Sei que ele está tentando entrar em uma universidade federal, sua vida depende disso. Mas, não sinto que ele entrará por causa delas – cotas – algo me faz pensar que ele não precisa disso. Mas, seria justo que seus outros ‘irmãos de pele’ sofressem tamanho preconceito e fossem abstraídos da massa intelectual afirmada em nossa tão 'idolatrada pátri gentil', só por não terem condições de um ensino mais adequado, aliás um ensino que eles realmente merecessem?

Aumentei o volume.

Eu não passo de um pequeno léxico de palavras incompreendidas.

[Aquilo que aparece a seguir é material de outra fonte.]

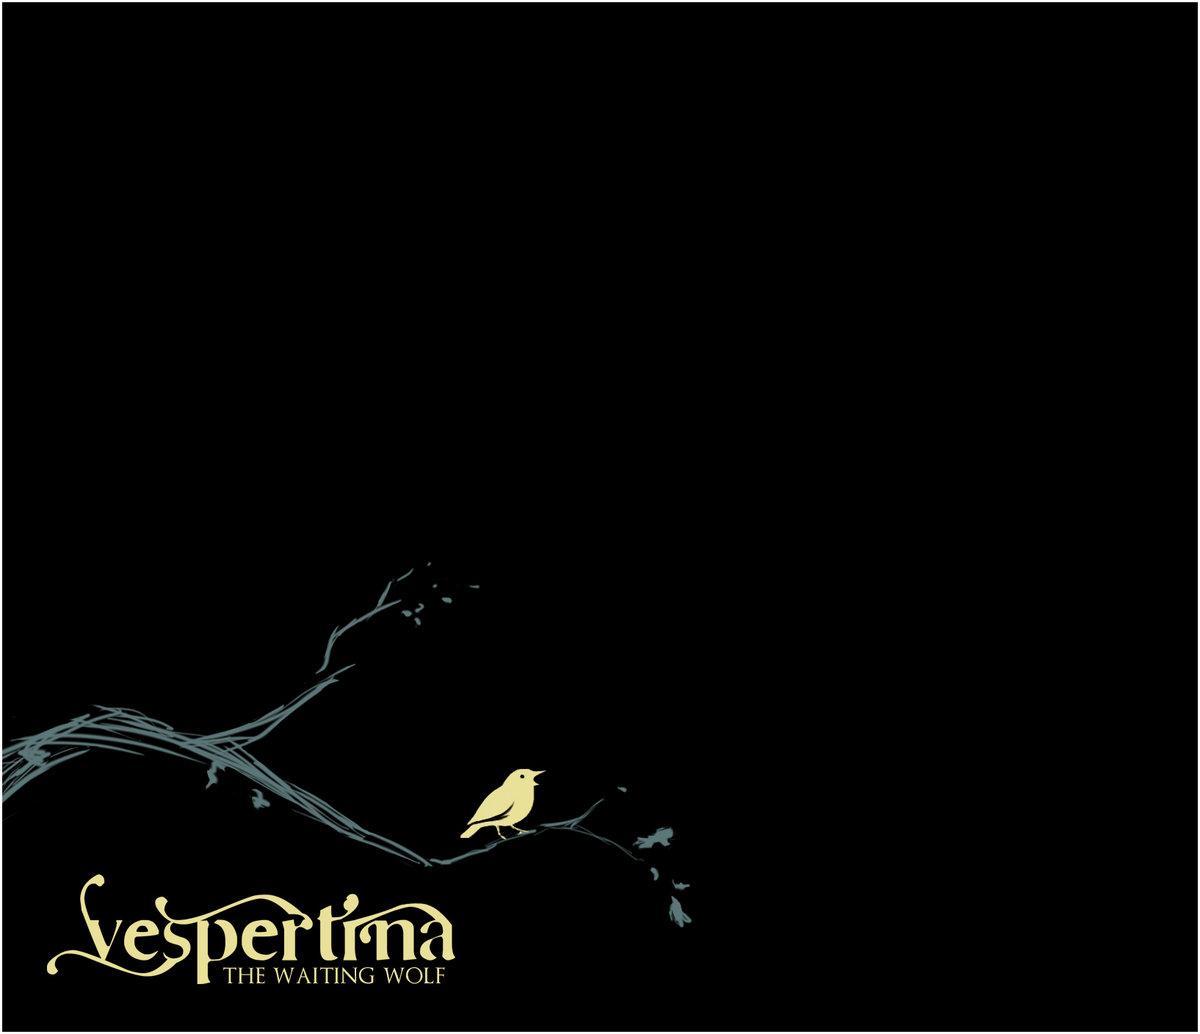 """""""The Waiting Wolf""""  Vespertina (2011)"""

Isso tudo me deixa com nervos frangalhos. Sei que para entrar em uma universidade federal não basta ser boa. Preciso ser a melhor. Não posso pensar muito, preciso agir mais. Tem muita gente na minha frente.

Algo me faz sorrir aliviada. São elas. Cotas.

Todos os santos, Jeová e afins já foram convocados, tenho cerca de 10 messes e 4 dias para me preparar para a batalha do século. Vestibular. Algo me diz que haverá muito sangue – os mortos enterraram os mortos.

Já mandei fazer minha fantasia de Pocahontas, irei fazer a prova de pés descalços e com uma trança embutida. Cotas. São elas. Ouvi dizer que também valem para os indígenas.